Las burlas y la humillación empezaron con mi activismo. Un compañero creó una cuenta que se llamaba Boy Up. Ponía fotos de mujeres encadenadas, entre otras, y la solución del colegio fue que tuviéramos una reunión, mediada por el psicólogo, para resolver nuestras diferencias. El psicólogo dijo que la cuenta realmente era informativa puesto que, entre sus memes sexistas, había publicado infográficos que explicaban que las cifras de suicido en los hombres son más elevadas que en las mujeres. Intenté ser conciliadora, diciéndole que por favor me enviara esos infográficos y los pondríamos en las redes sociales del club, pero que no hiciera de nuestro trabajo una burla. La reunión concluyó en que debían cambiarle el nombre a la página. Y ya.

Ese mismo compañero, como lo he contado en columnas anteriores, era el que me gritaba “devuélvase para la cocina” y “vaya hágame un sánduche,” mientras yo presentaba mis exposiciones en clase.  Ayer, un año después de graduarnos, comenzaron las mismas burlas y los intentos de humillación por WhatsApp, en el grupo de más de cien egresados del 2021, por algo que dije en redes sociales. Me explicaron por qué soy comunista, por qué mis ideas van a dejar a las personas sin trabajo y por qué soy ignorante, a través de stickers. Cuestioné su desocupe, pero se escudaron en su libertad de expresión, en que sus críticas a mis ideas son válidas, en que si voy a decir algo en una plataforma pública debo estar preparada para comentarios así. 

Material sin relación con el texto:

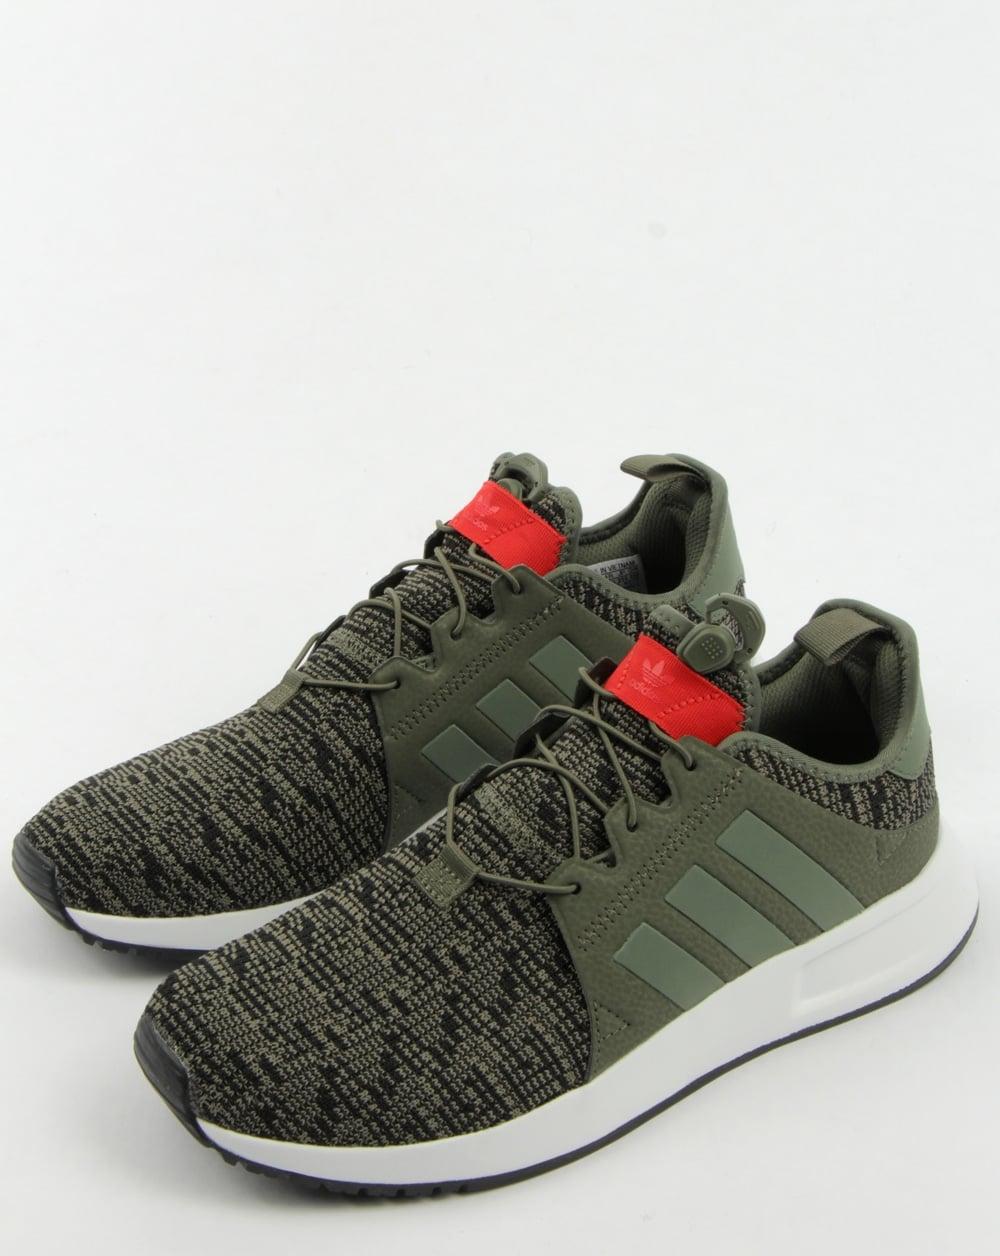 adidas xplr trainers green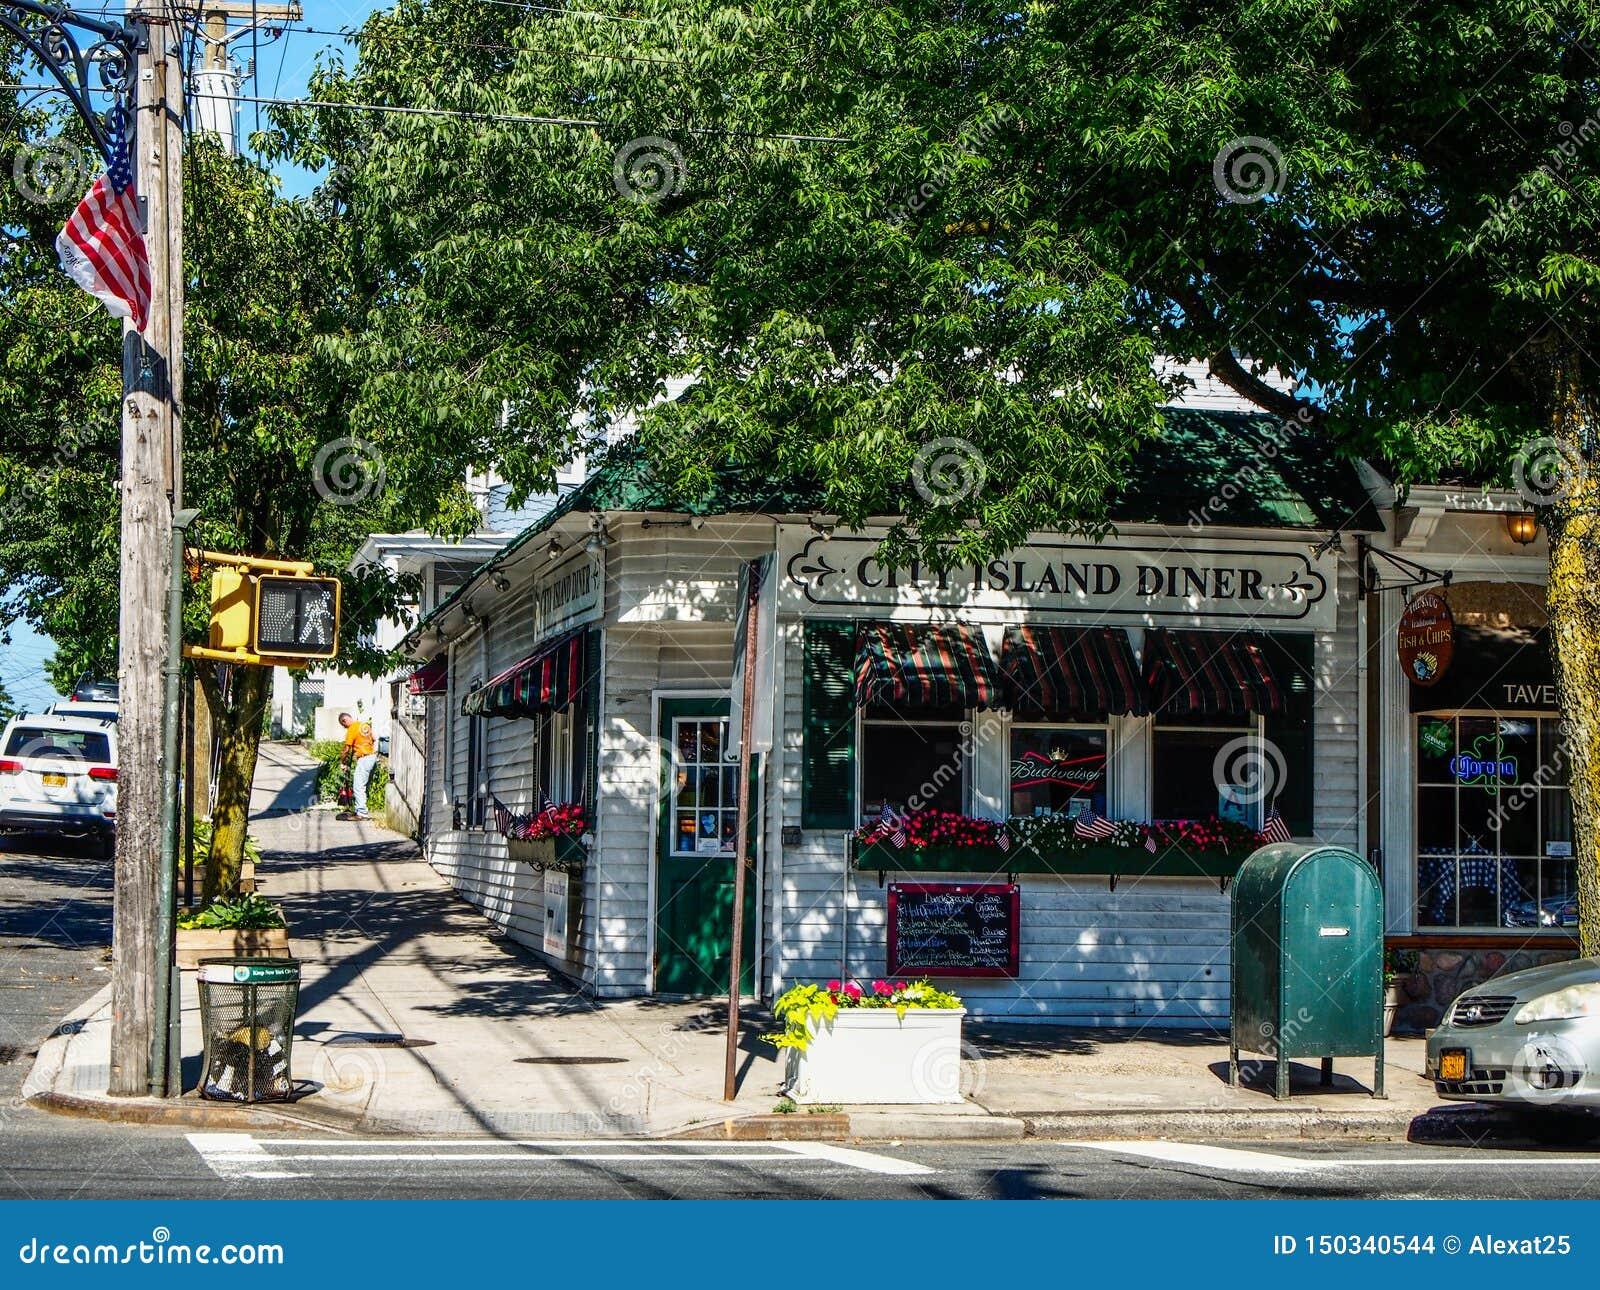 New York - United States - Street of City Island in New York - United States

Y he aquí la diferencia. En Colombia nos ha costado mucho trabajo entender que los derechos, como el de la libre expresión, terminan donde empiezan los del otro. Yo tengo el derecho a la libre expresión hasta que uso mis palabras para maltratar, calumniar, o humillar. Hasta que uso mi voz para perpetuar el odio, la misoginia, la homofobia, la intolerancia. Porque las palabras no son solo eso. Las palabras producen acciones, sentimientos, tristezas y alegrías. Pueden herir o construir. Pueden ser usadas para incentivar el crecimiento de los demás, o para propiciar que nos estanquemos. Por eso, escribo una columna cada semana con la esperanza de que mis letras puedan fomentar el pensamiento crítico, la empatía, la razón, en un mundo que a veces parece irremediablemente dividido. Con la ilusión de que la respuesta a mis columnas me provoque reflexiones, me haga replantearme mis pensamientos. 

Ante palabras necias no siempre puede haber oídos sordos. Mi silencio es complicidad, y aunque he fingido que no me afecta para no darles la satisfacción a quienes me quieren herir, años de esto sí pesan. Por eso cambiaré mi sordera selectiva por una escucha activa y crítica. A lo mejor eso le ahorrará a alguien más el trabajo de tener que cargar con tanto dolor, por tantos años.